December marked the five-year anniversary of the official beginning of the Great Recession — the most severe economic contraction the United States has experienced since the Great Depression. The recession may have officially ended in June 2009, but the economy still has a long way to go before it returns to normal, and unemployment remains well above prerecession levels.
In November 2007, the month before the recession officially began, there were an estimated 7.3 million unemployed people in the 50 states. The national unemployment rate was 4.7% at the time. In October 2009, the national unemployment rate was 10%, and there were roughly 15 million jobless people in the states. As of November 2012, the national jobless rate was 7.7%, and there were still 11.3 million unemployed people in the states.

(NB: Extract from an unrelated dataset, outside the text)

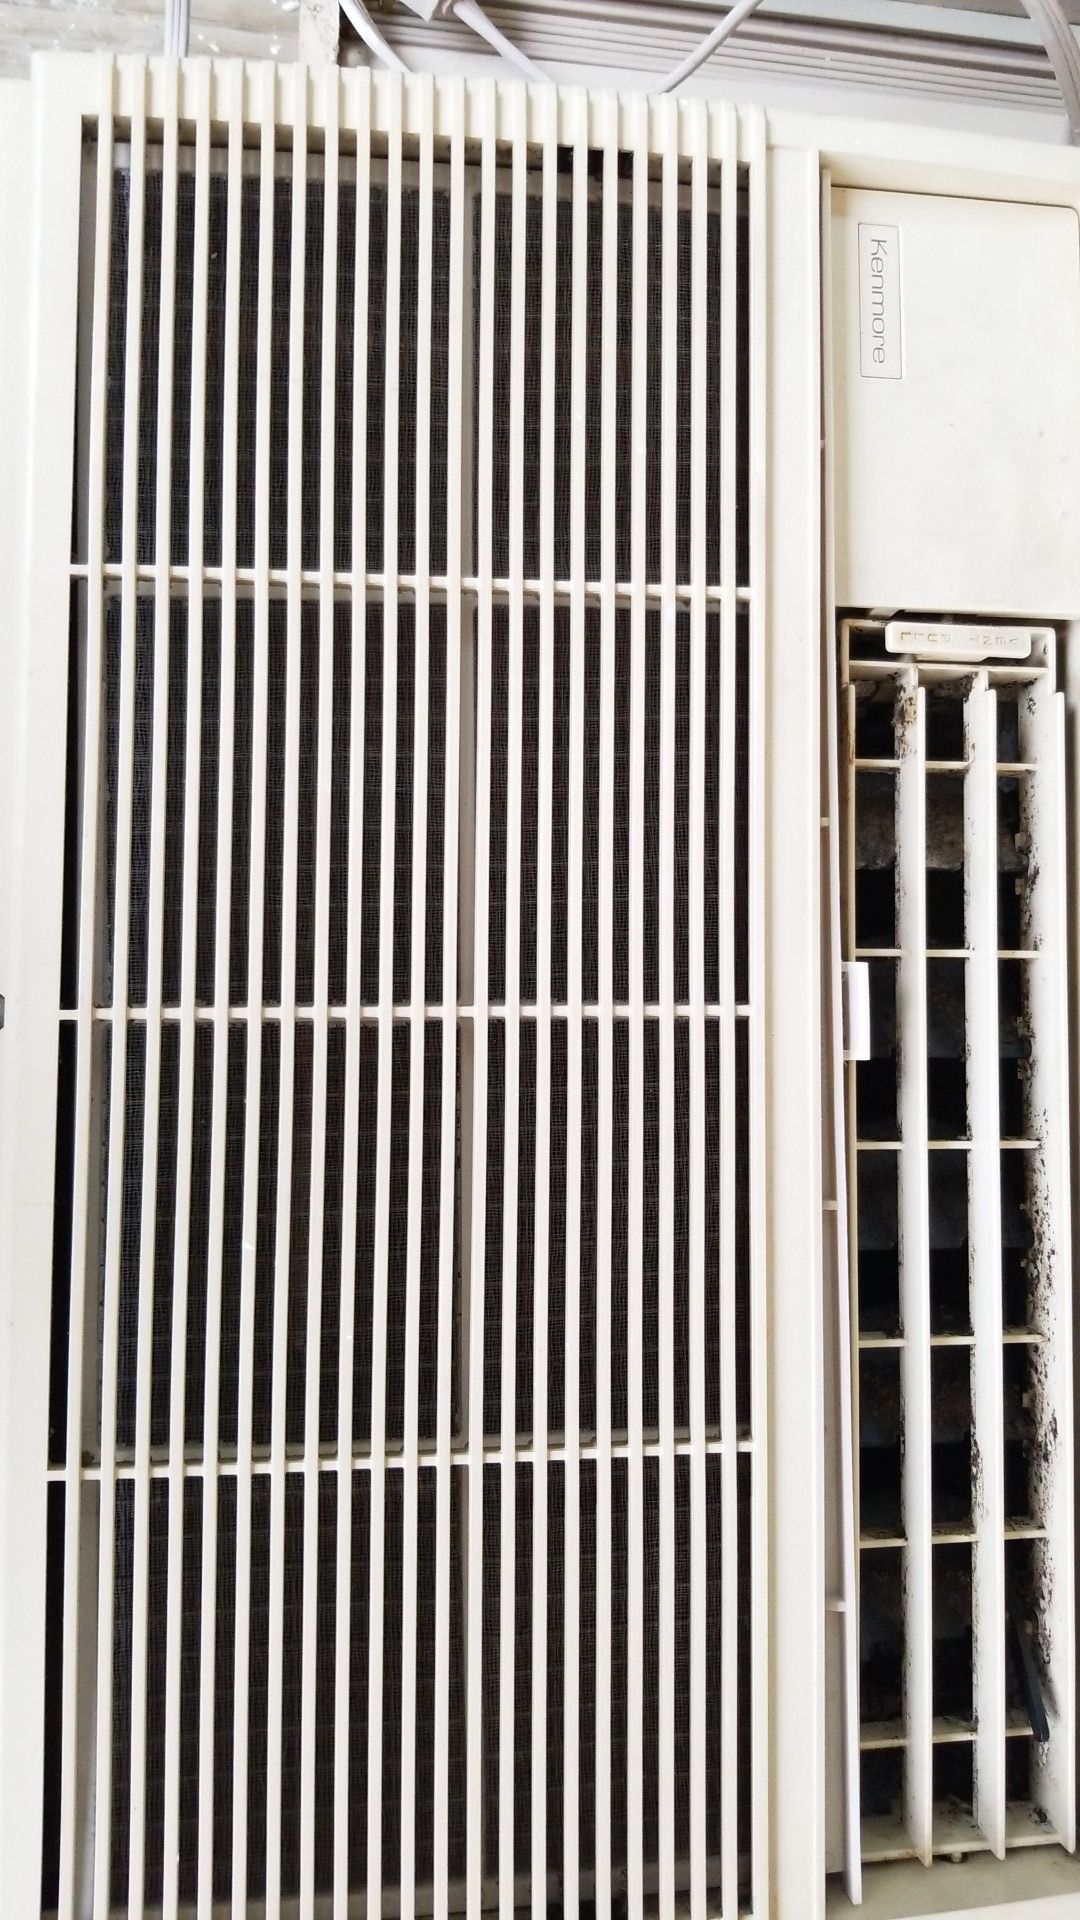 3 Air Conditioner window units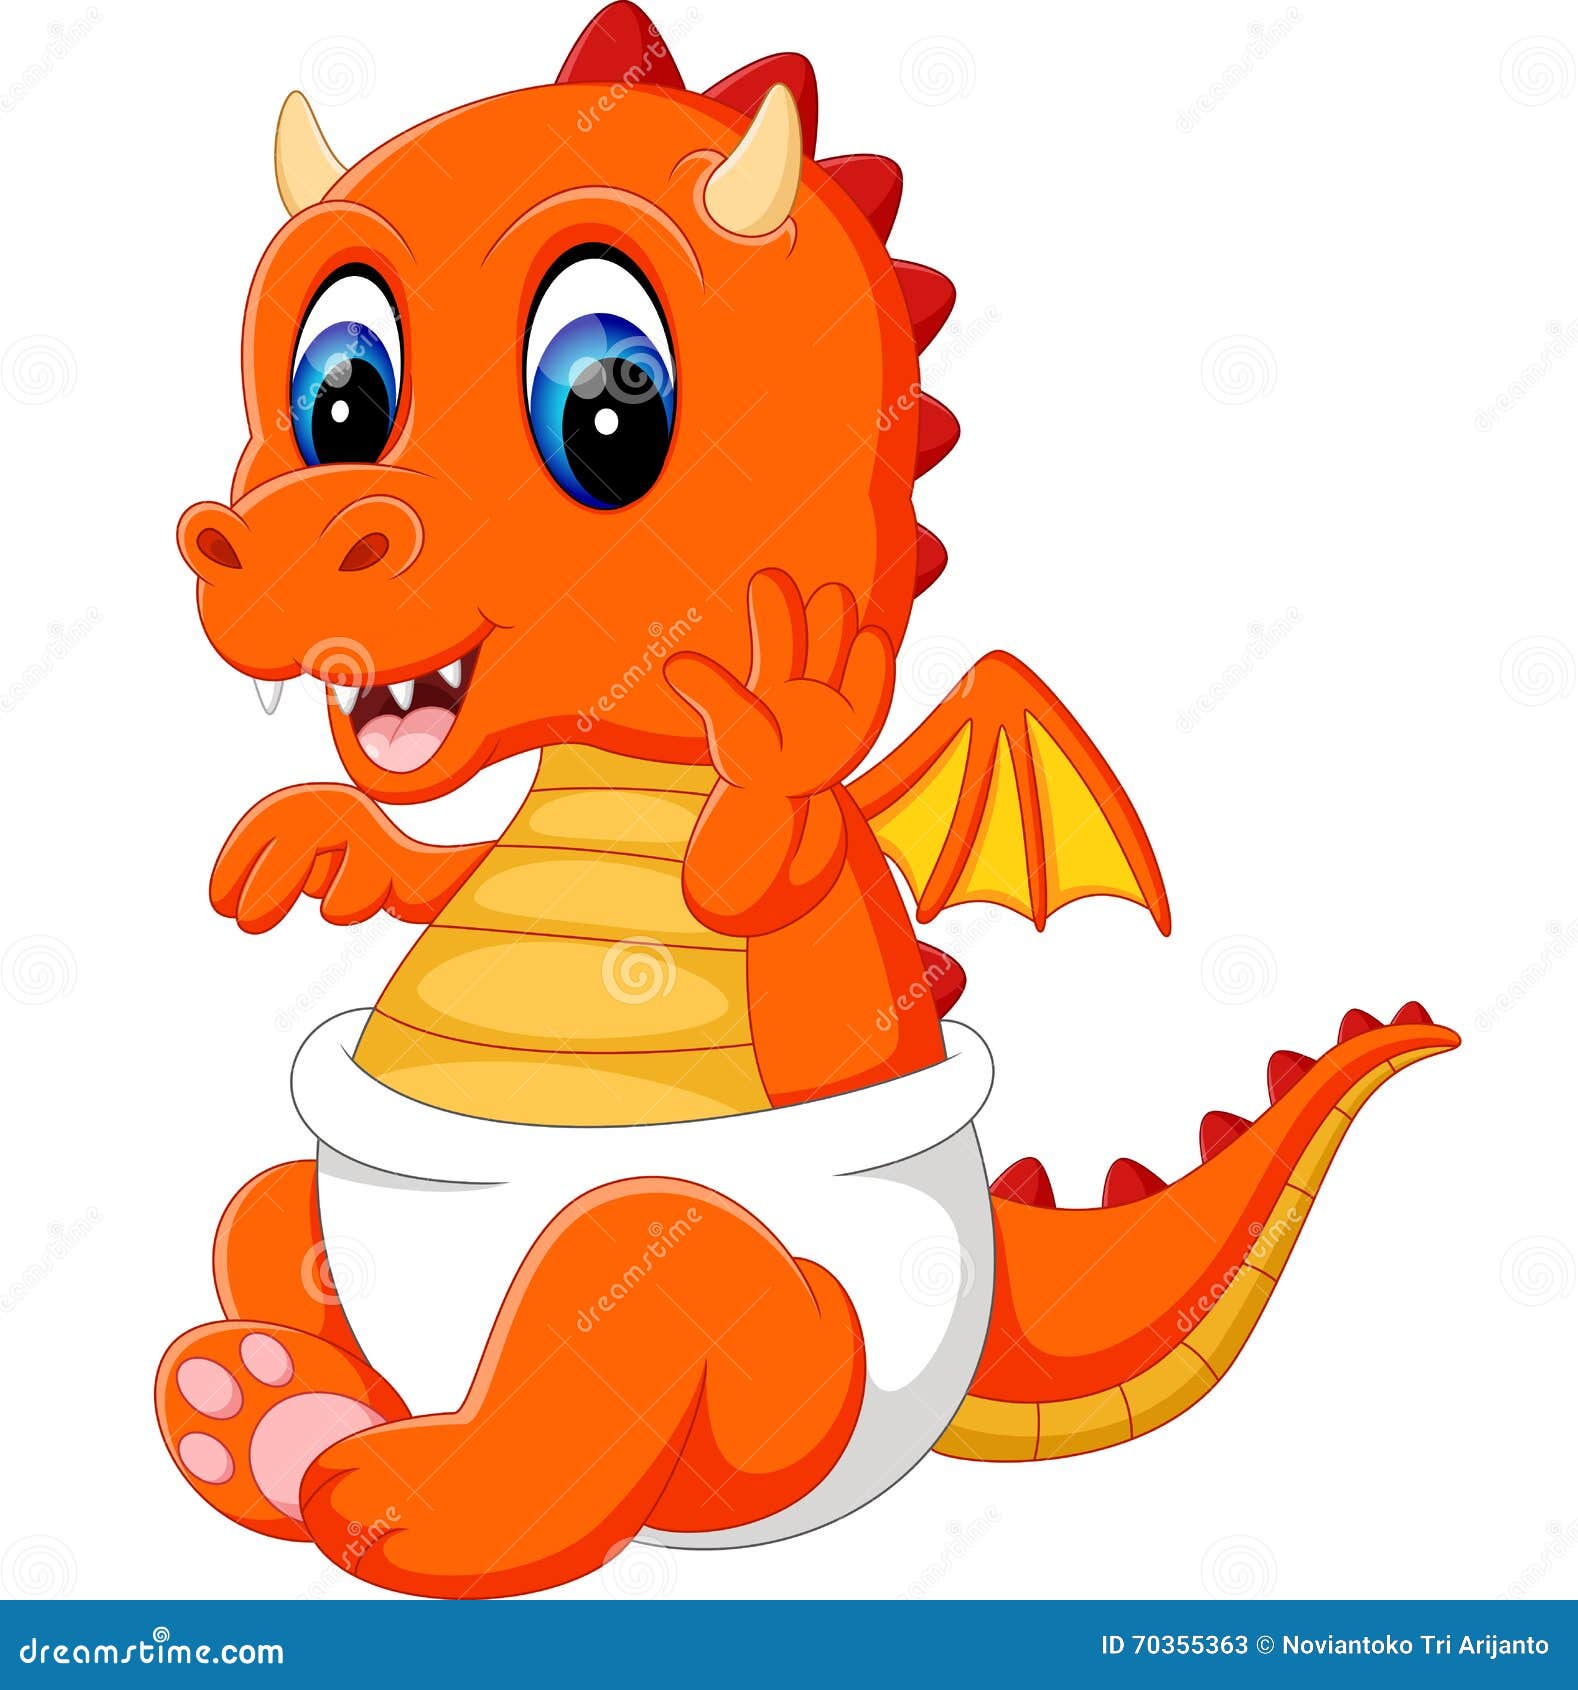 Cute baby dragon cartoon stock vector. Illustration of animal - 70355363

24/7 Wall St. reviewed the unemployment rates in the 50 states in recent years, considering prerecession, peak and current unemployment. While change in unemployment can reflect economic growth or stagnation, it can also be misleading. To account for this, we also considered other factors in our analysis of each state’s recovery over the past five years. Based on change in unemployment from peak to current, we identified the states that recovered the most and least from the recession.
The recession impacted every state in the country, but the damage done varied from light, as in the Dakotas, to moderate, as in Maryland and New Mexico, to extreme, as in Nevada, California and Michigan. Similarly, after the economy bottomed out, not every state recovered at the same rate.
Some states have made considerable progress, adding hundreds of thousands of new jobs and reducing unemployment substantially. Several states that were barely hit did not have far to recover and remain in excellent shape relative to the rest of the country. Other states have made almost no progress, with unemployment rates close to their recession peaks. Based on our review, most states followed one of three paths of decline and recovery since the recession began.
The first group saw massive job losses and generally severe declines in both their housing markets and GDP during the recession. These include states hit particularly hard by the collapse of the housing market, such as Arizona, Nevada, and Florida, and states that have struggled for years because of their reliance on the contracting manufacturing sector, such as Michigan and Ohio. In this first group, the unemployment rate has improved substantially, but still remains well above the national rate.
In states such as Indiana, which belongs to the first group, there appears to be evidence of a recovery, but the data should be examined carefully. While the jobless rate is down by nearly three percentage points from its worst level, this is due as much to people giving up looking for work or retiring as it is to new jobs.
In states such as Michigan, which had the highest unemployment rate in the country during the recession, there is evidence of a true recovery. The state was in the top 10 for GDP growth in each of the past two years and “has seen an increase in manufacturing employment over the year,” Bureau of Labor Statistics Chief Economist Martin Kohli told 24/7 Wall St. The real rebound in the automobile industry, Kohli added, “has made Michigan’s recovery stronger than it might otherwise have been.”
The second group of states were barely hit by the recession. They include North Dakota and Wyoming, which were bolstered by a strong energy sector when other state economies were failing. These states’ unemployment rates have hardly increased, and North Dakota’s has even returned to its prerecession level. While some of these states are ranked lower on our list, this is because the unemployment rate had to drop relatively little to get close to prerecession levels.
The final group of states have been unable to show any meaningful recovery. These states, which include New York, New Jersey, and Connecticut, all saw unemployment rise above 9%. However, unlike Michigan and Ohio, which have seen substantial declines in unemployment recently, the economies of these states continues to flounder. New York and New Jersey’s unemployment rates were actually increasing for much of 2012, even as the national unemployment rate was falling.
Kohli explained that each of these states have failed to recover for different reasons. In the case of New Jersey, the casino industry in Atlantic City, which is a big part of the state’s economy, was badly damaged by the recession and continues to struggle. And Superstorm Sandy will probably only make matters worse in the long run.
Based on monthly unemployment data reported by the BLS, 24/7 Wall St. reviewed the recovery progress in each of the 50 states. Each state is ranked by the percentage point decline from its highest unemployment rate during the recession. We also reviewed, by state, the number of employed and unemployed people in the labor force, as well as the change in average weekly earnings by state between November 2007 and October 2012. In addition to BLS data, 24/7 Wall St. reviewed home price change and projection data from Fiserv as of the second quarter of 2012. From the U.S. Census Bureau, we reviewed income and poverty data. We also reviewed gross domestic product change by state for each year during the recession from the Bureau of Economic Analysis, the most recent being 2011.